> **Task brief**
In your copy, leave out the pictures and output only the lines from the one holding "Daniel Pollera Landscape" through the end of the data below, exactly.

[Opening Dataset extract section]

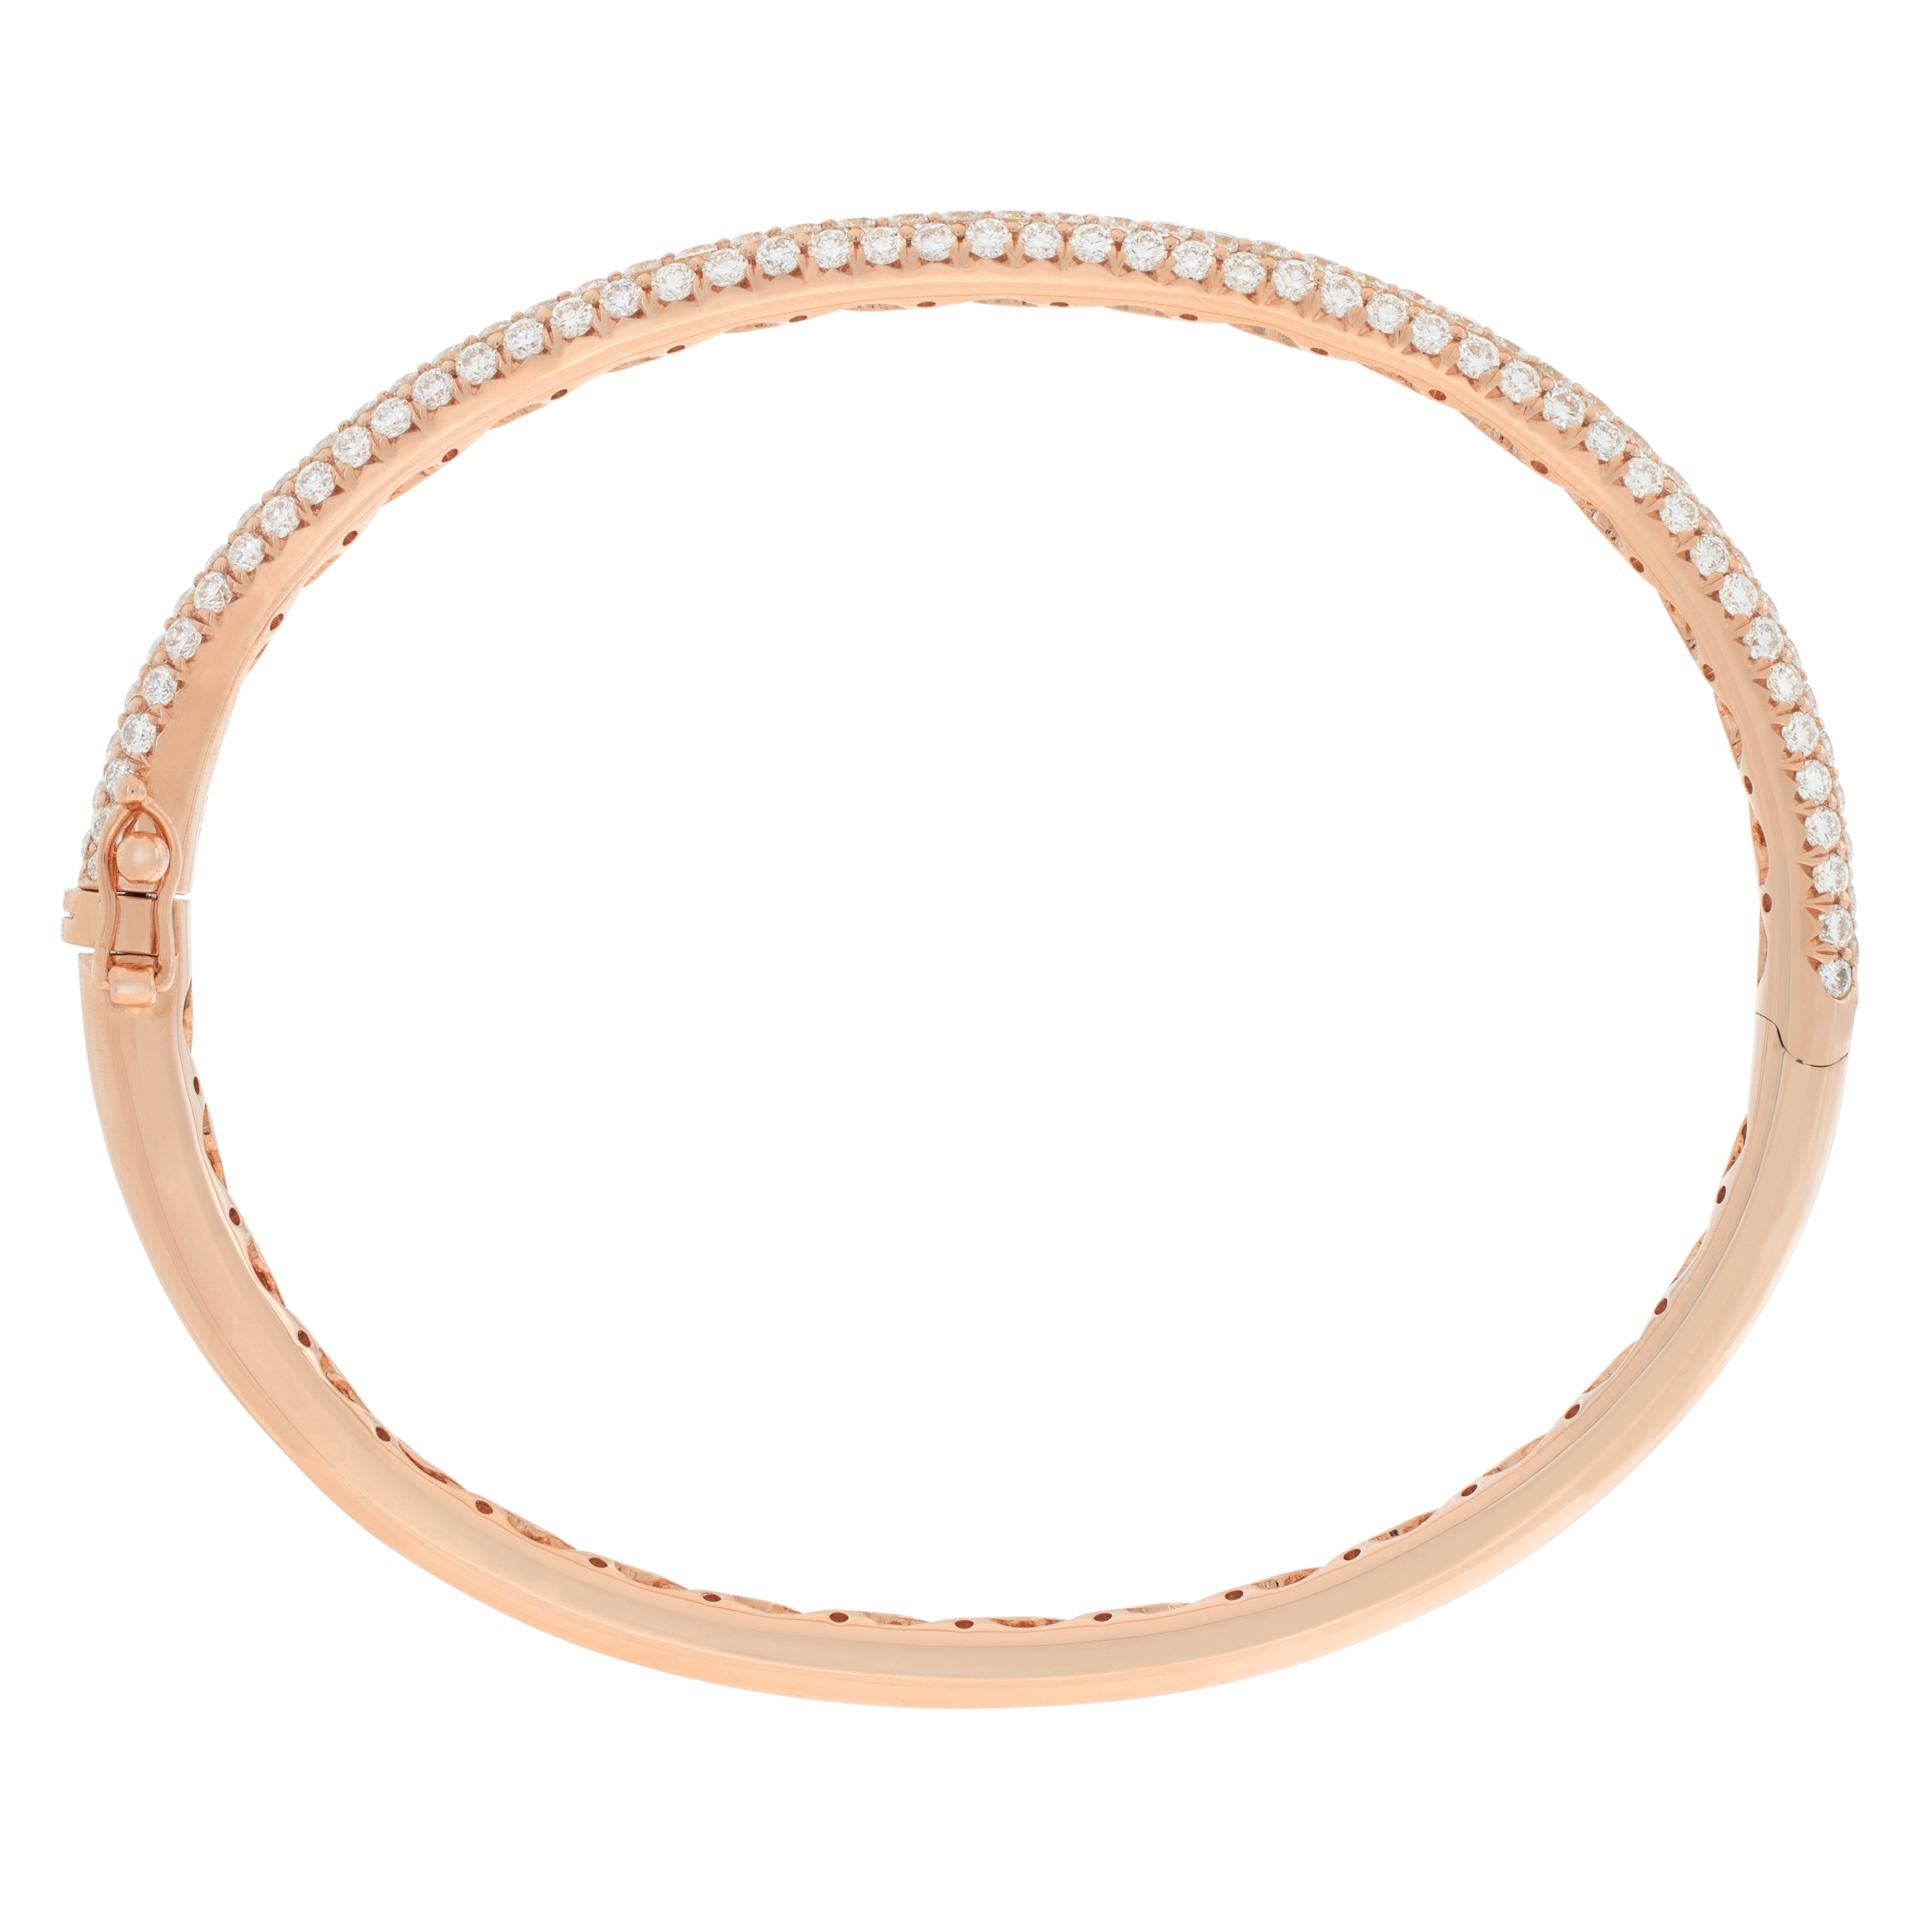 Women's 18k Rose Gold Bangle with 2.86 Carats in Round Brilliant Cut Pave Diamonds
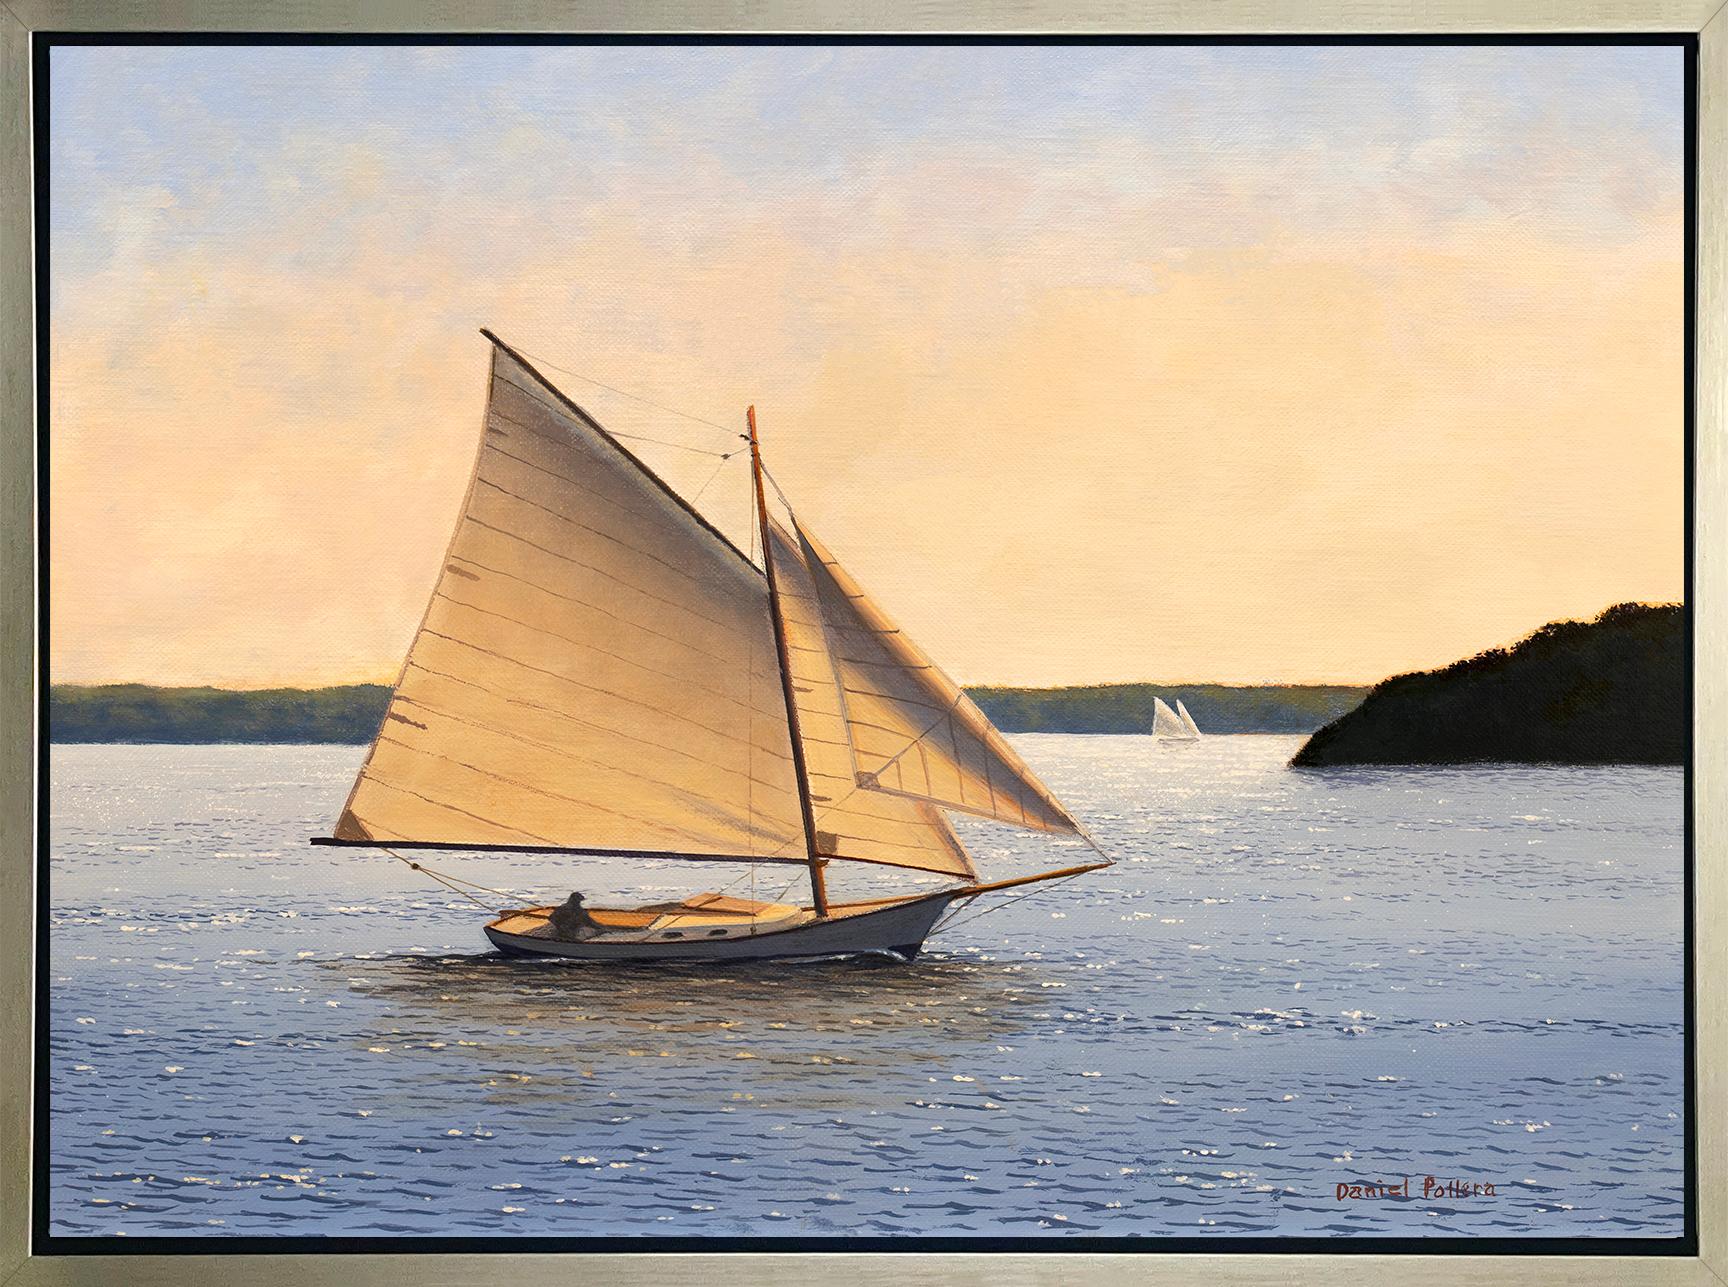 Daniel Pollera Landscape Print - "Sailing Out to Sea, " Framed Limited Edition Giclee Print, 12" x 16"
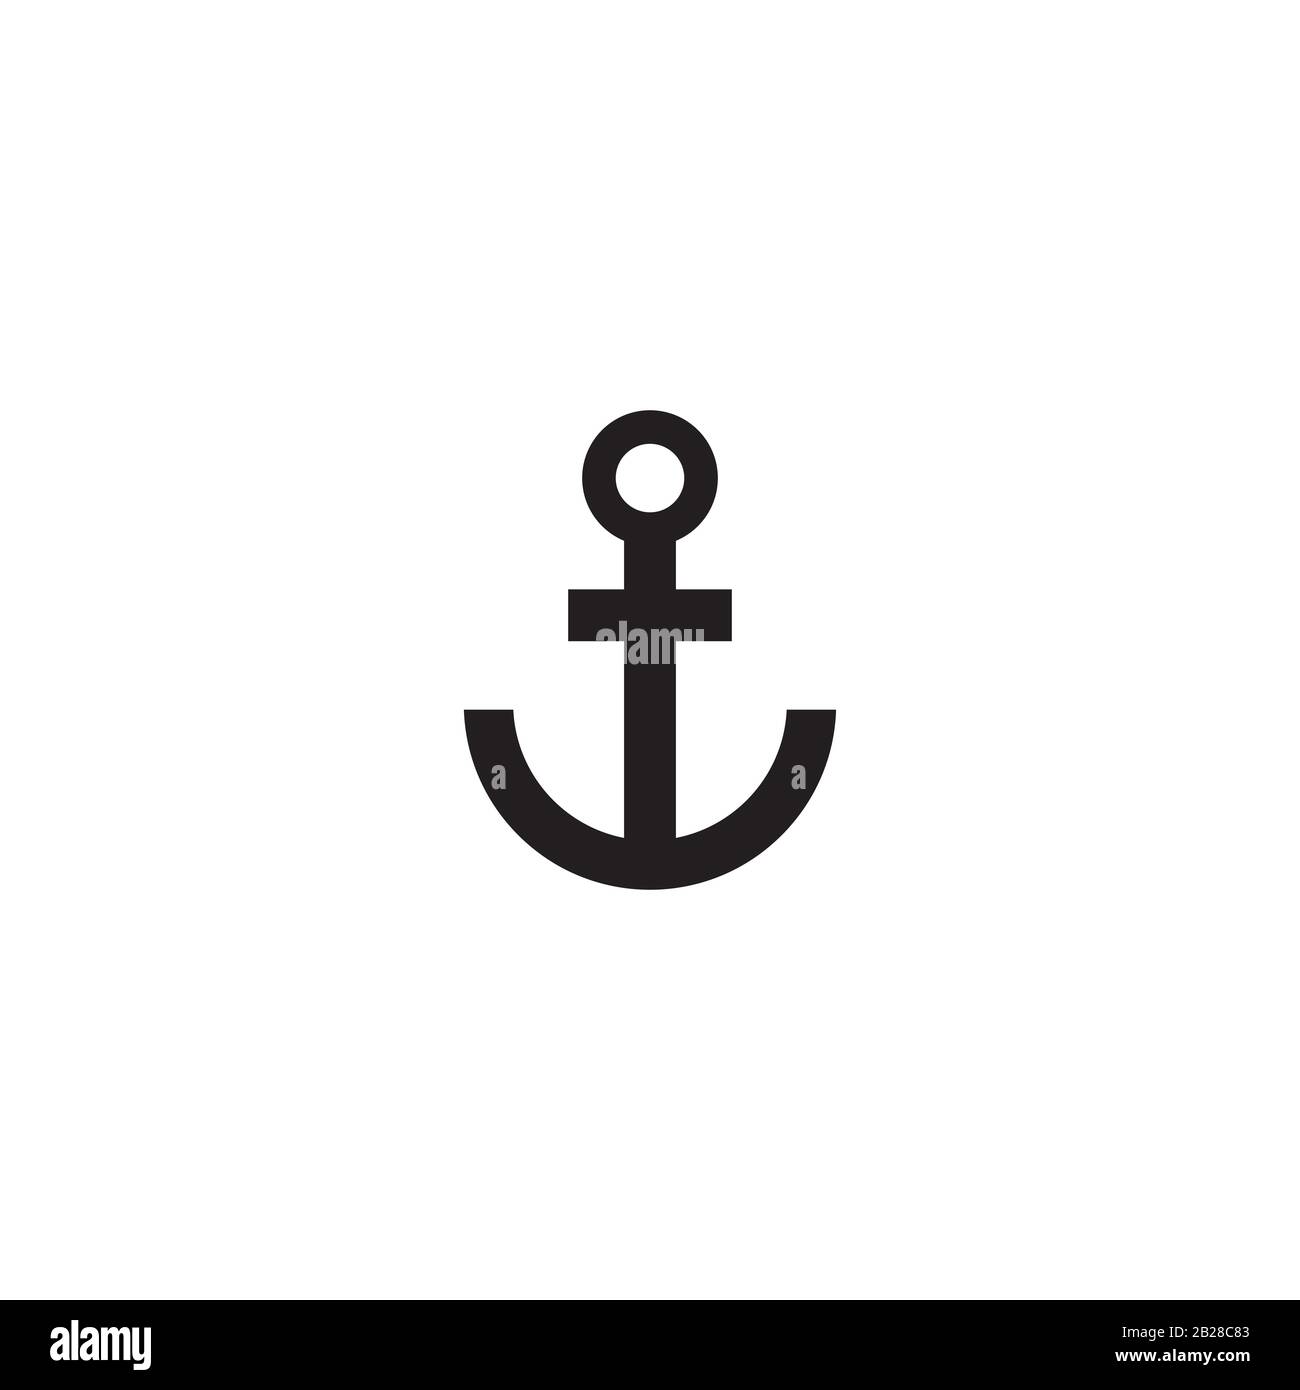 Anchor icon isolated on white background. Anchor icon simple sign

[Closing Dataset extract section]

> **Answer section**
 Daniel Pollera Landscape Print - "Sailing Out to Sea, " Framed Limited Edition Giclee Print, 12" x 16"
 Anchor icon isolated on white background. Anchor icon simple sign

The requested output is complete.